Problem details:
The data must be given again exactly as written, with all images omitted.

Data block:
┌──

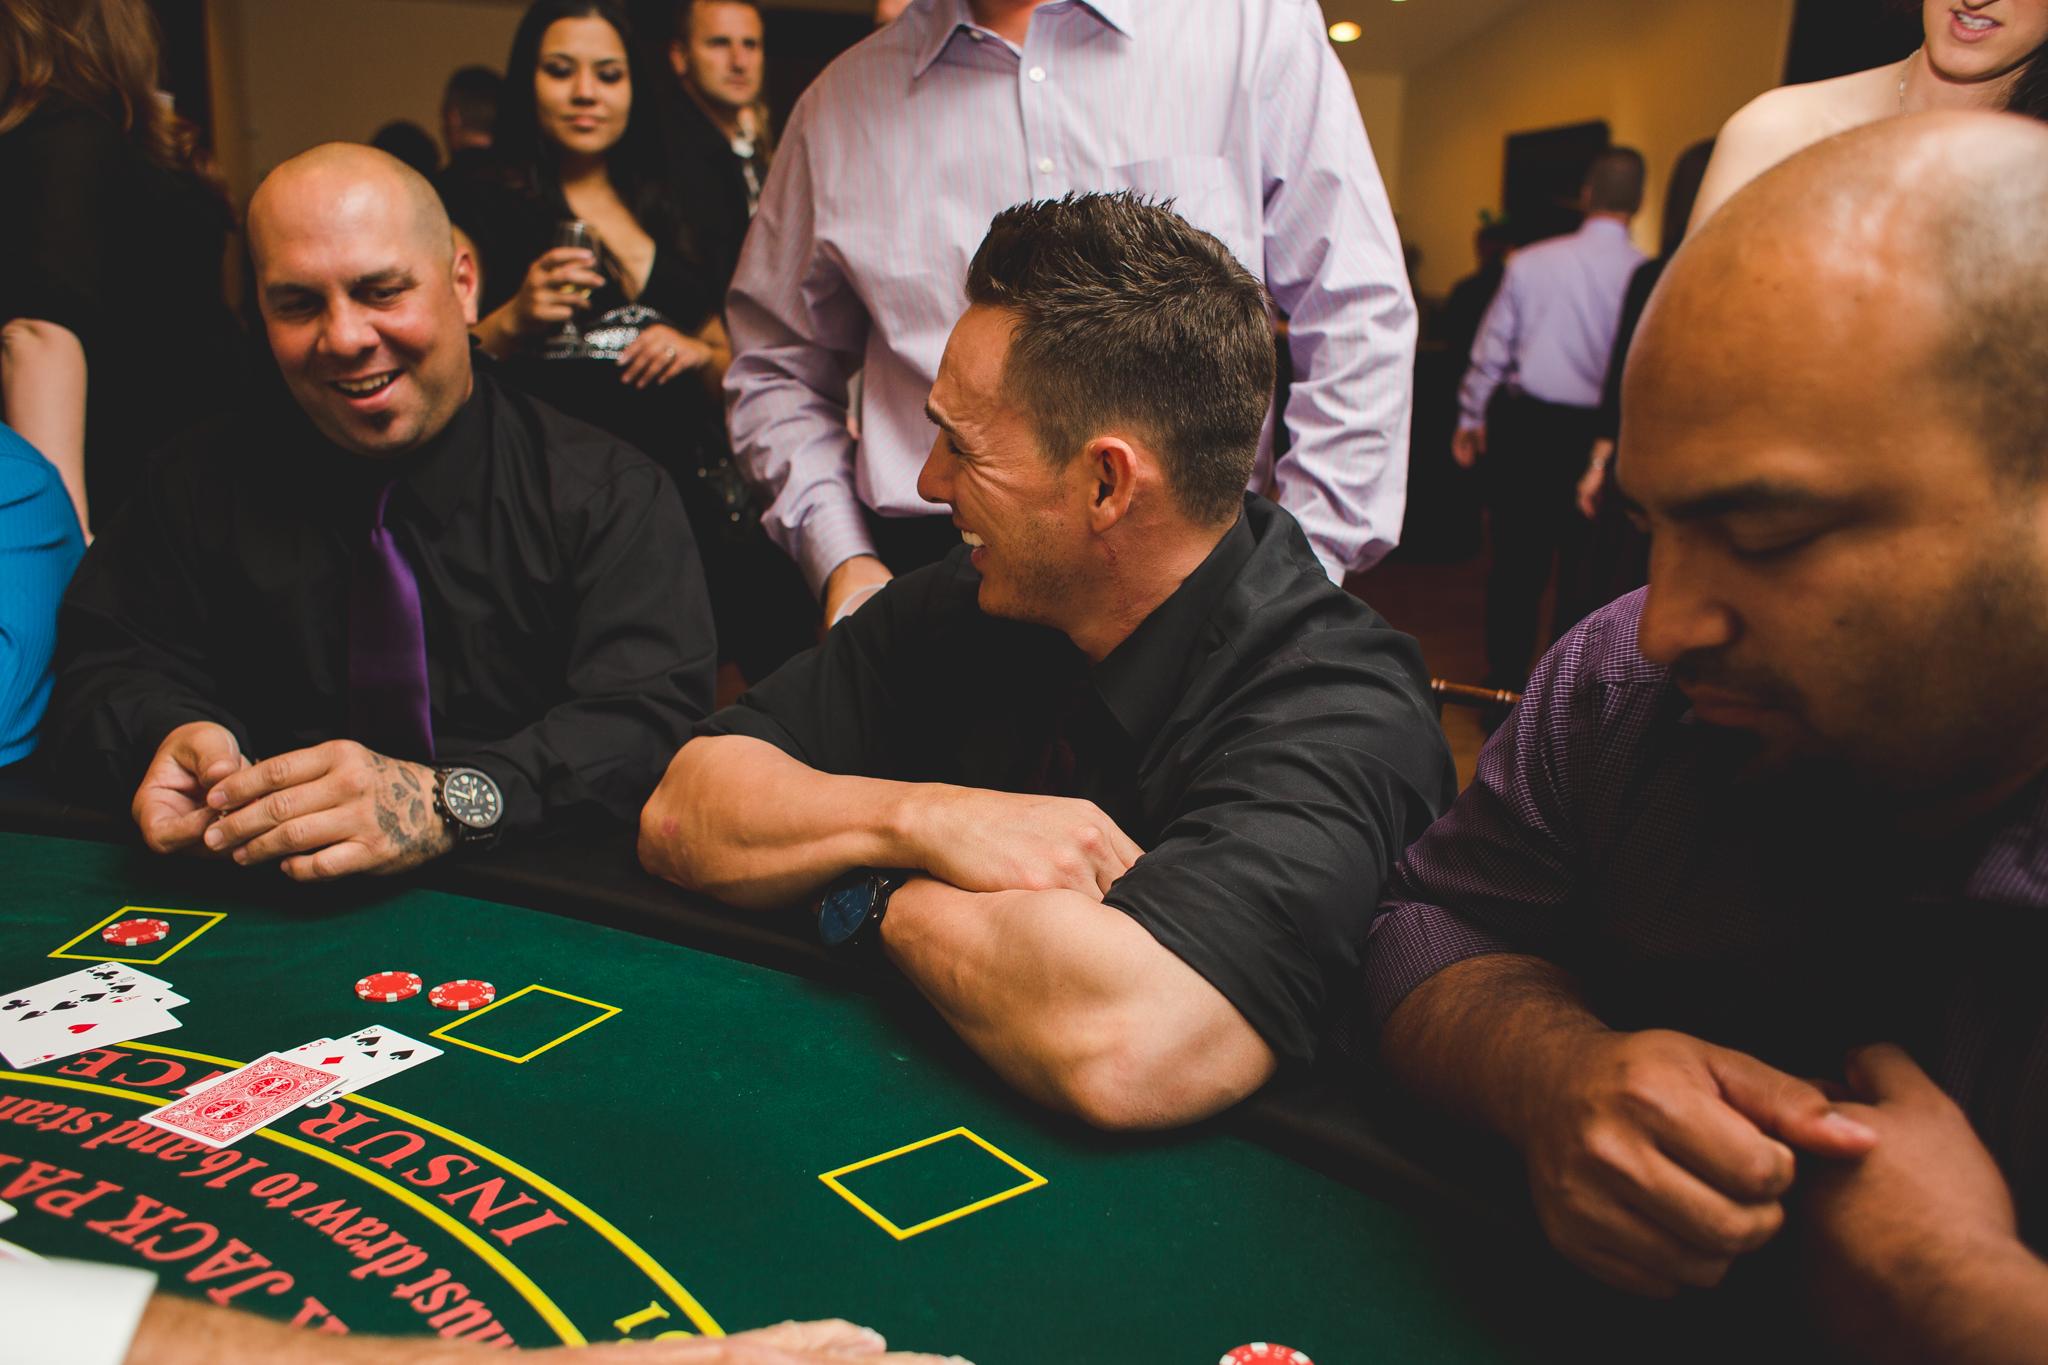 wedding reception blackjack player laughs mj
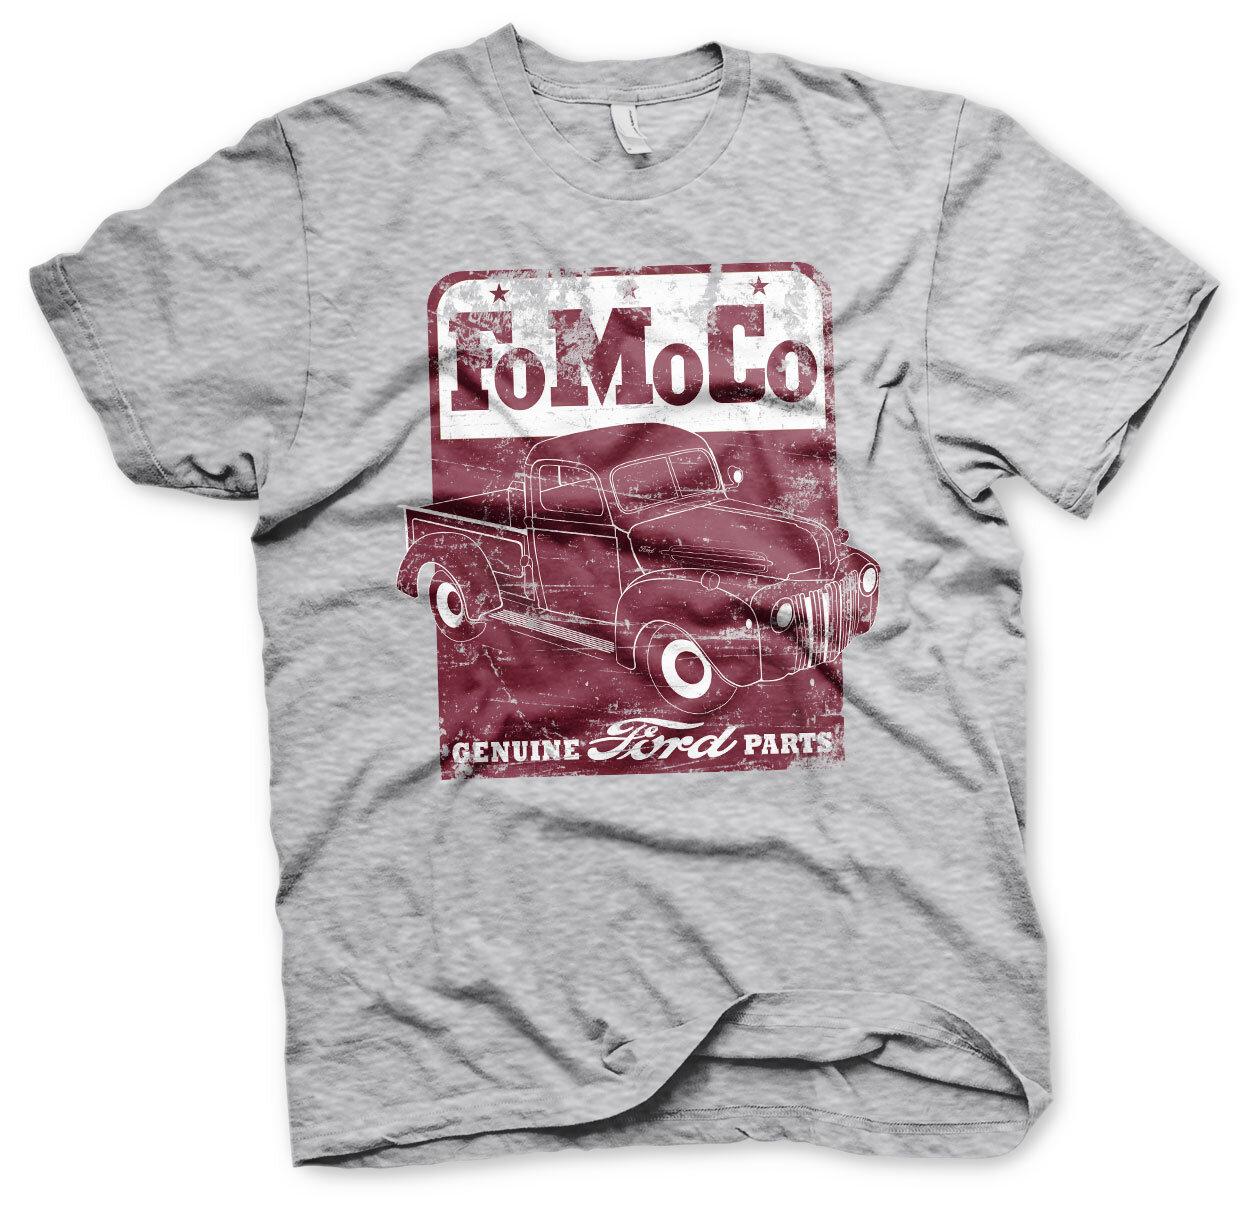 FoMoCo - Genuine Ford Parts T-Shirt
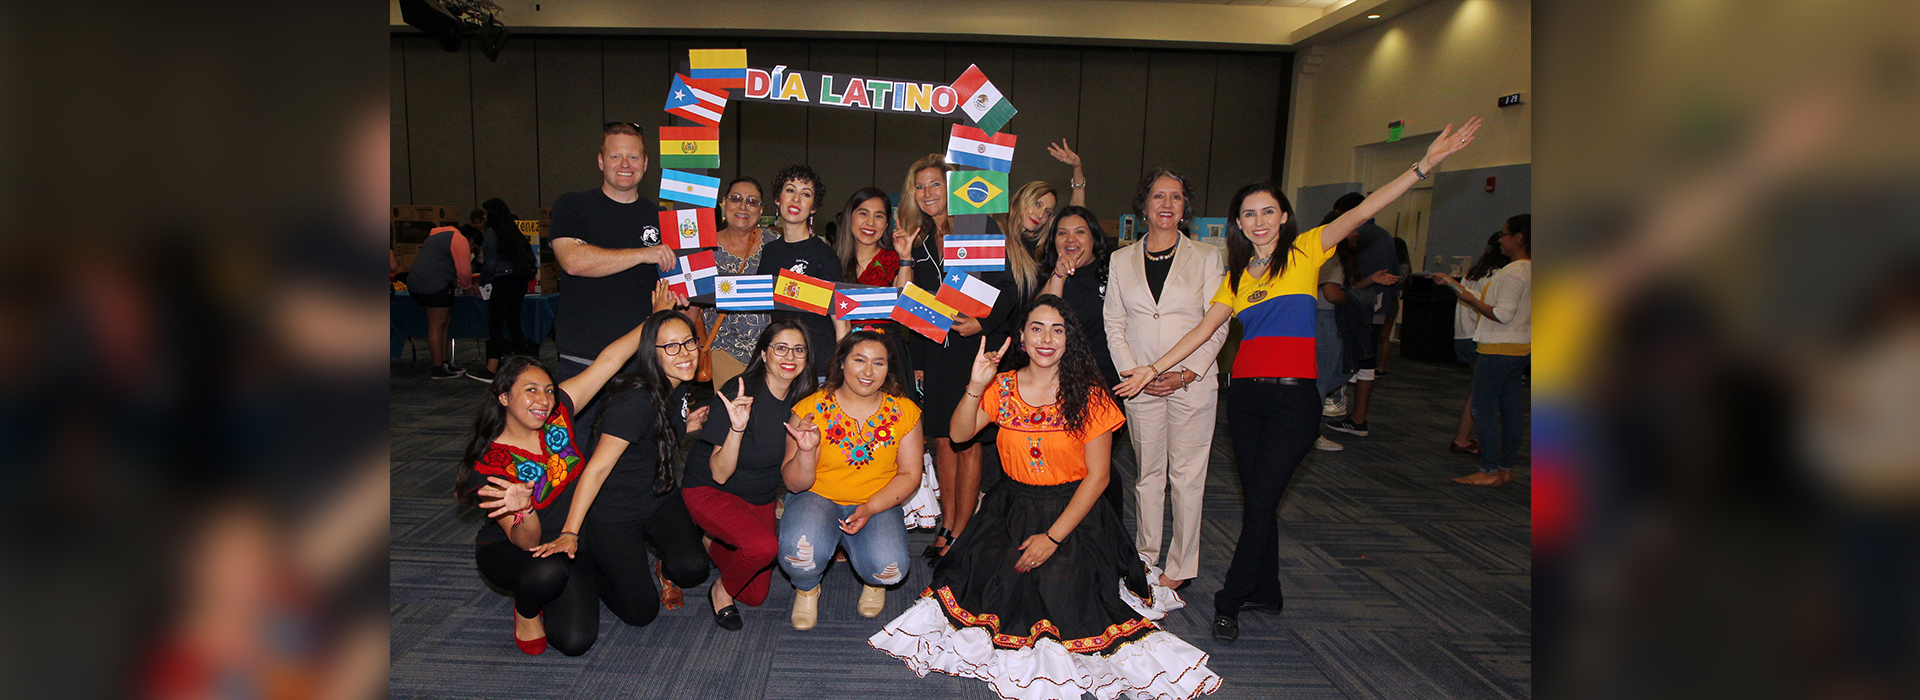 CSUSB Dia Latino Celebrates Latin American Culture
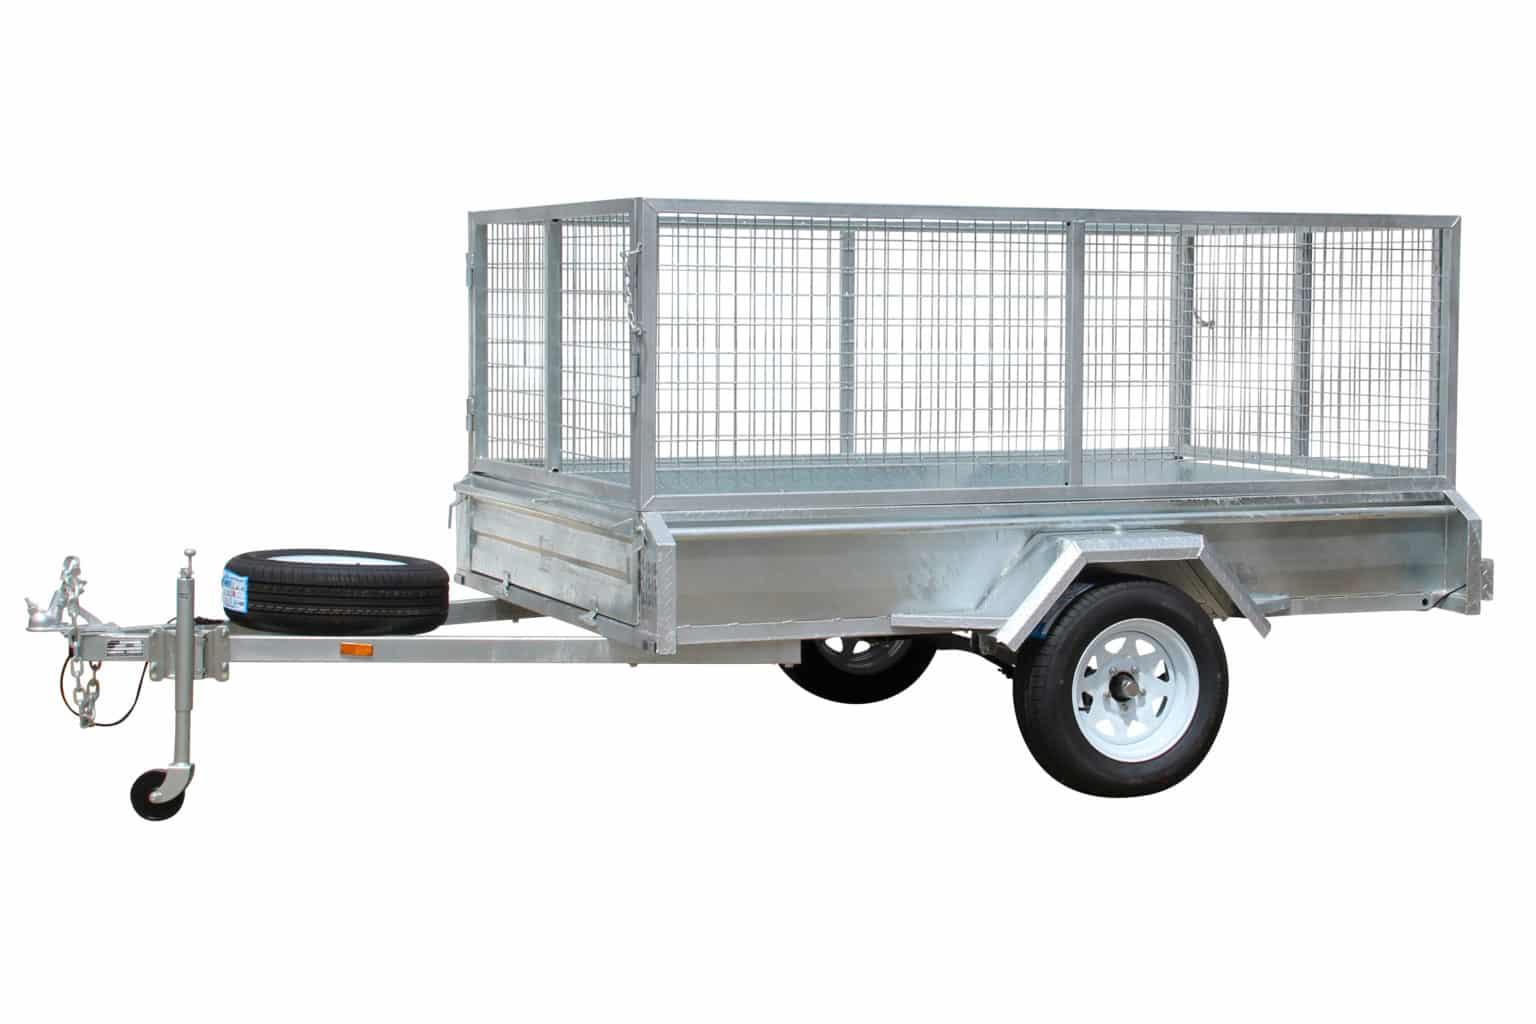 8x5 box trailer repairs Sydney

└──

Answer space:
 wedding reception blackjack player laughs mj
 FoMoCo - Genuine Ford Parts T-Shirt
 CSUSB Dia Latino Celebrates Latin American Culture
 8x5 box trailer repairs Sydney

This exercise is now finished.